[[ Exercise data, beginning ]]

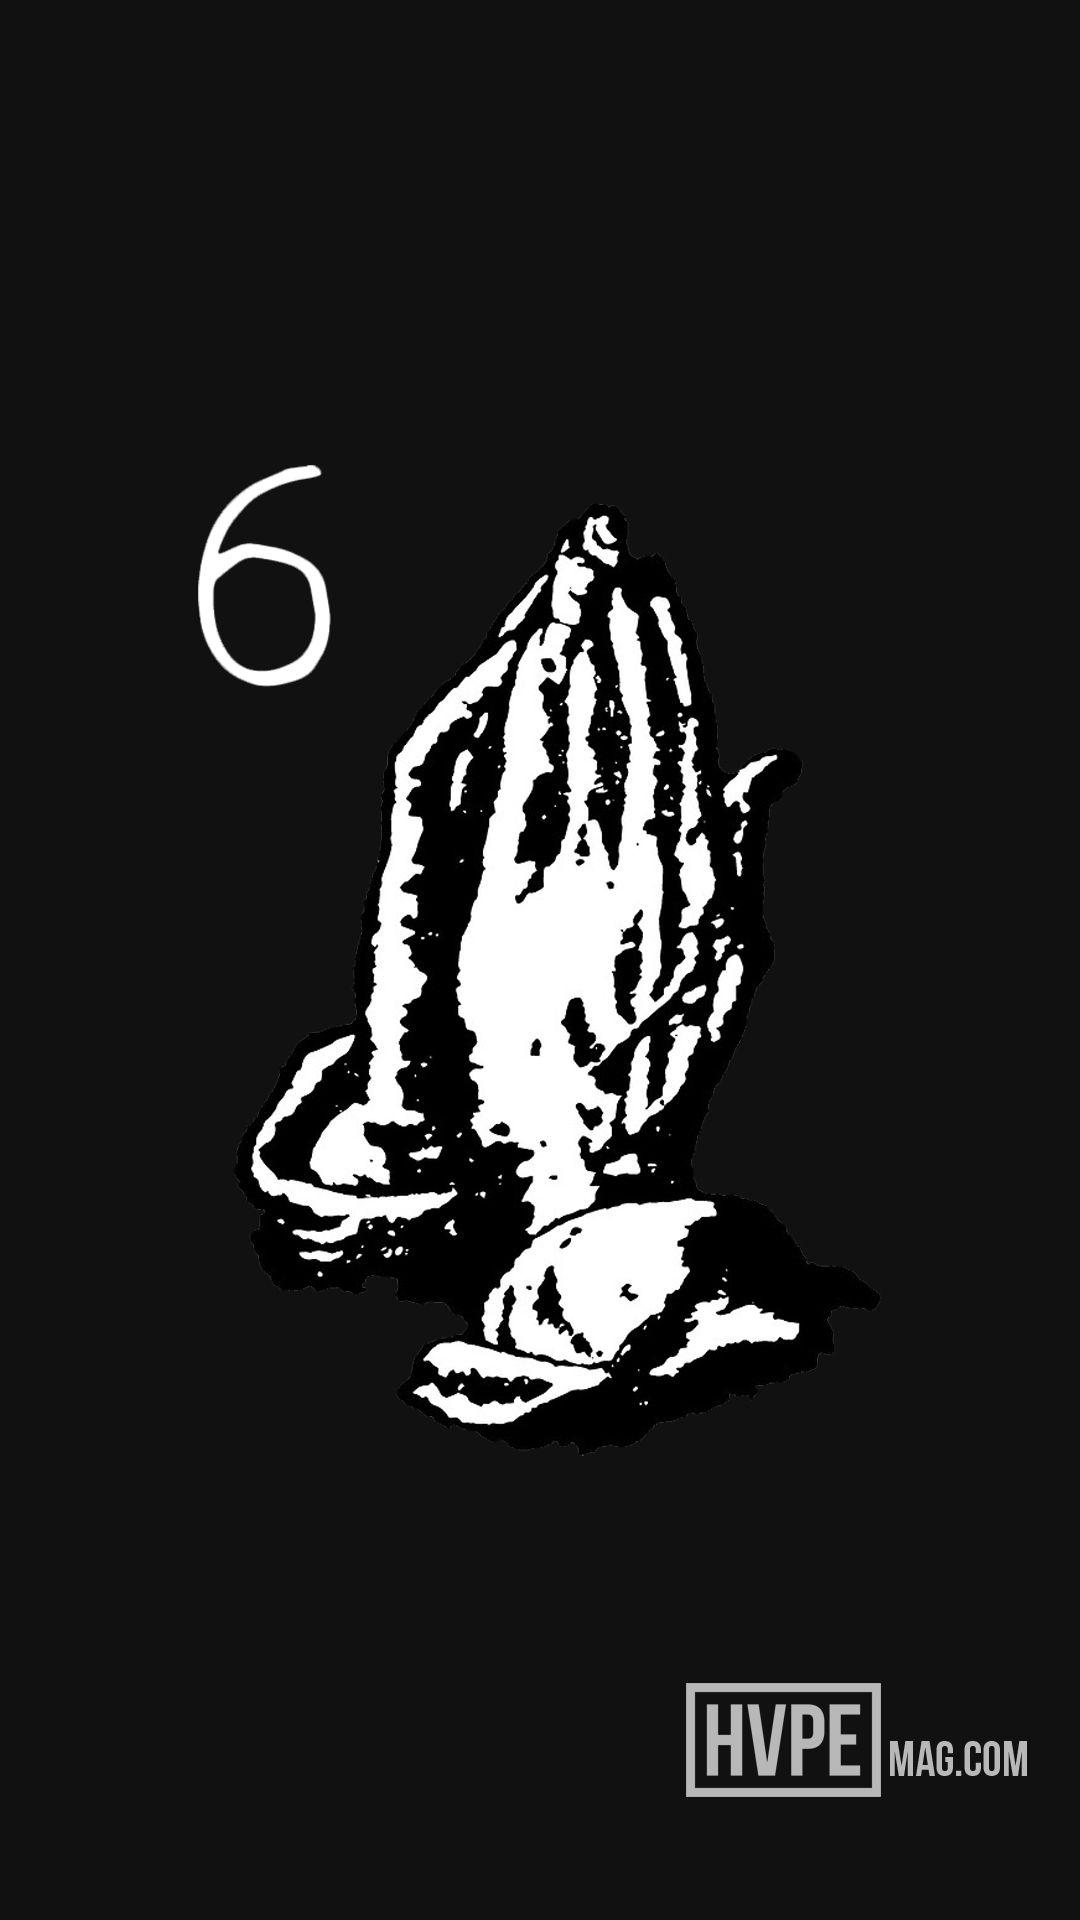 Drake Praying 6 God Wallpapers Top Free Drake Praying 6
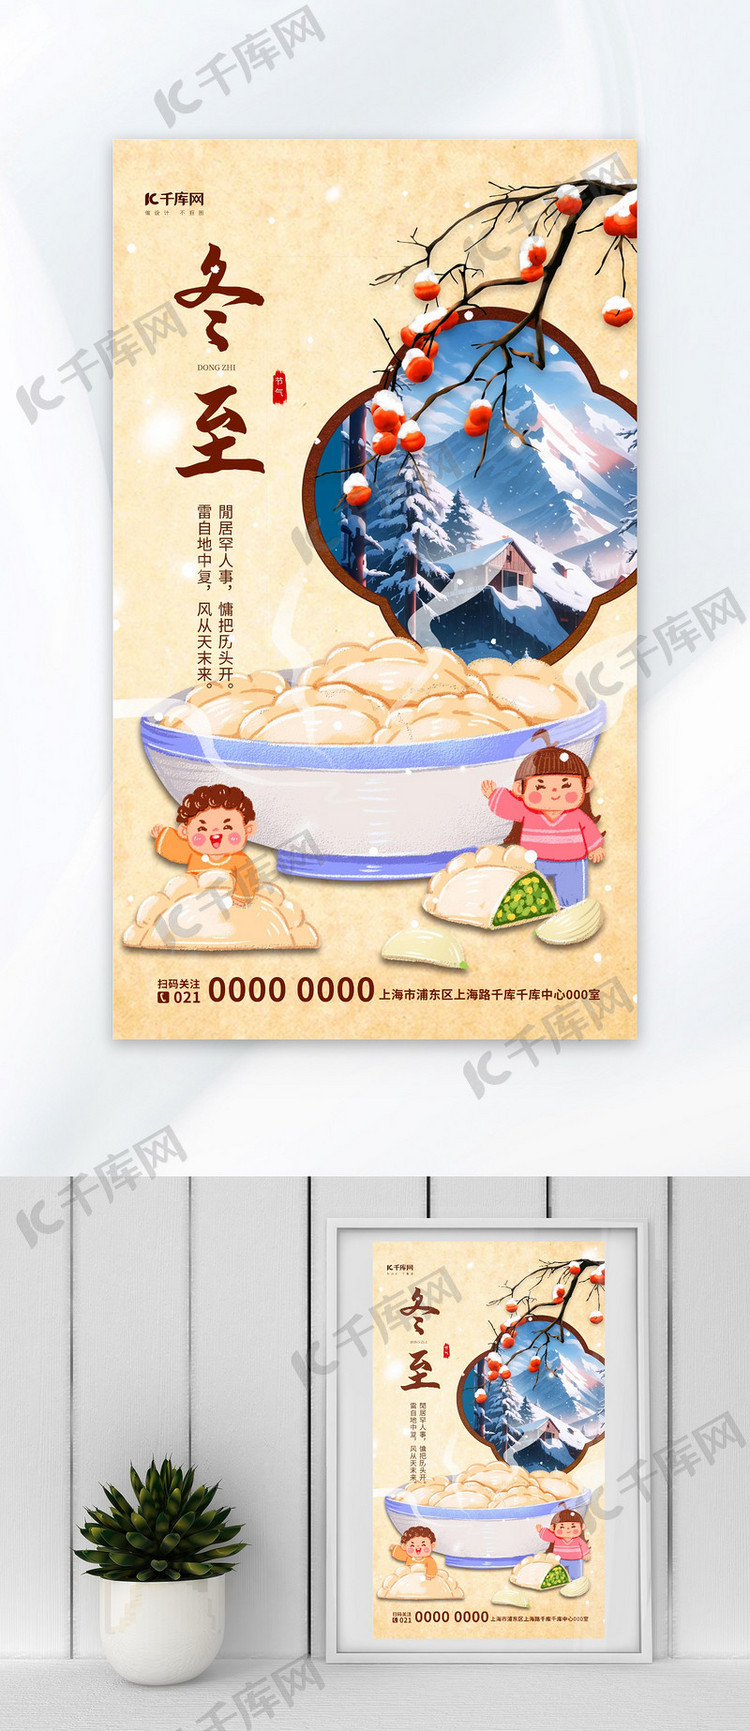 冬至节气水饺插画海报
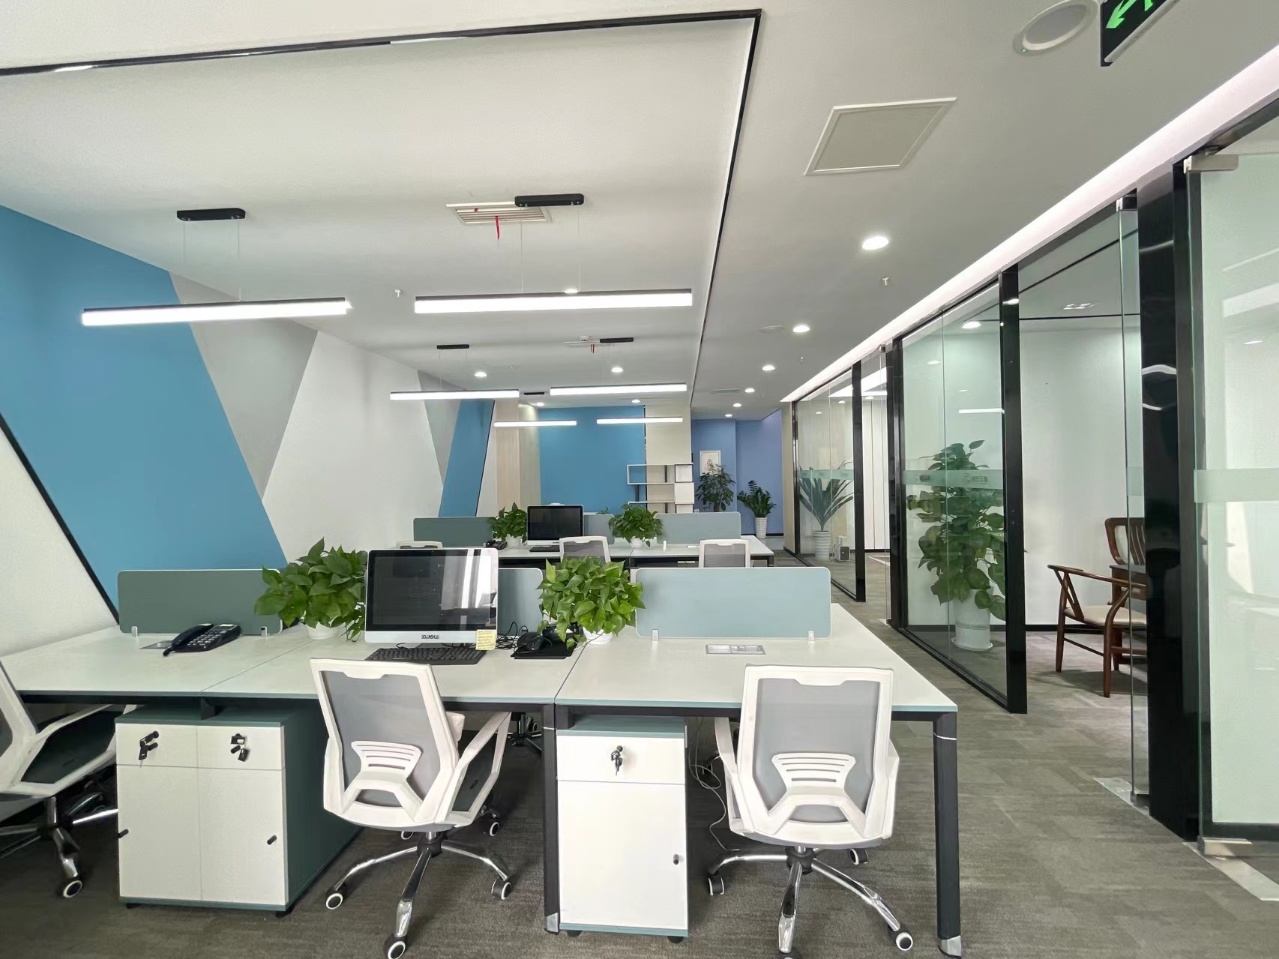 高新区新世纪环球中心精装小面积办公室 简约艺术风格 含物业和空调费

[[ Exercise data, end ]]

What the exercise asks
Only the pictures may be dropped when you copy the data above; everything else stays exact.

Solution for this problem
 Drake Praying 6 God Wallpapers Top Free Drake Praying 6
 冬至节气水饺插画海报
 高新区新世纪环球中心精装小面积办公室 简约艺术风格 含物业和空调费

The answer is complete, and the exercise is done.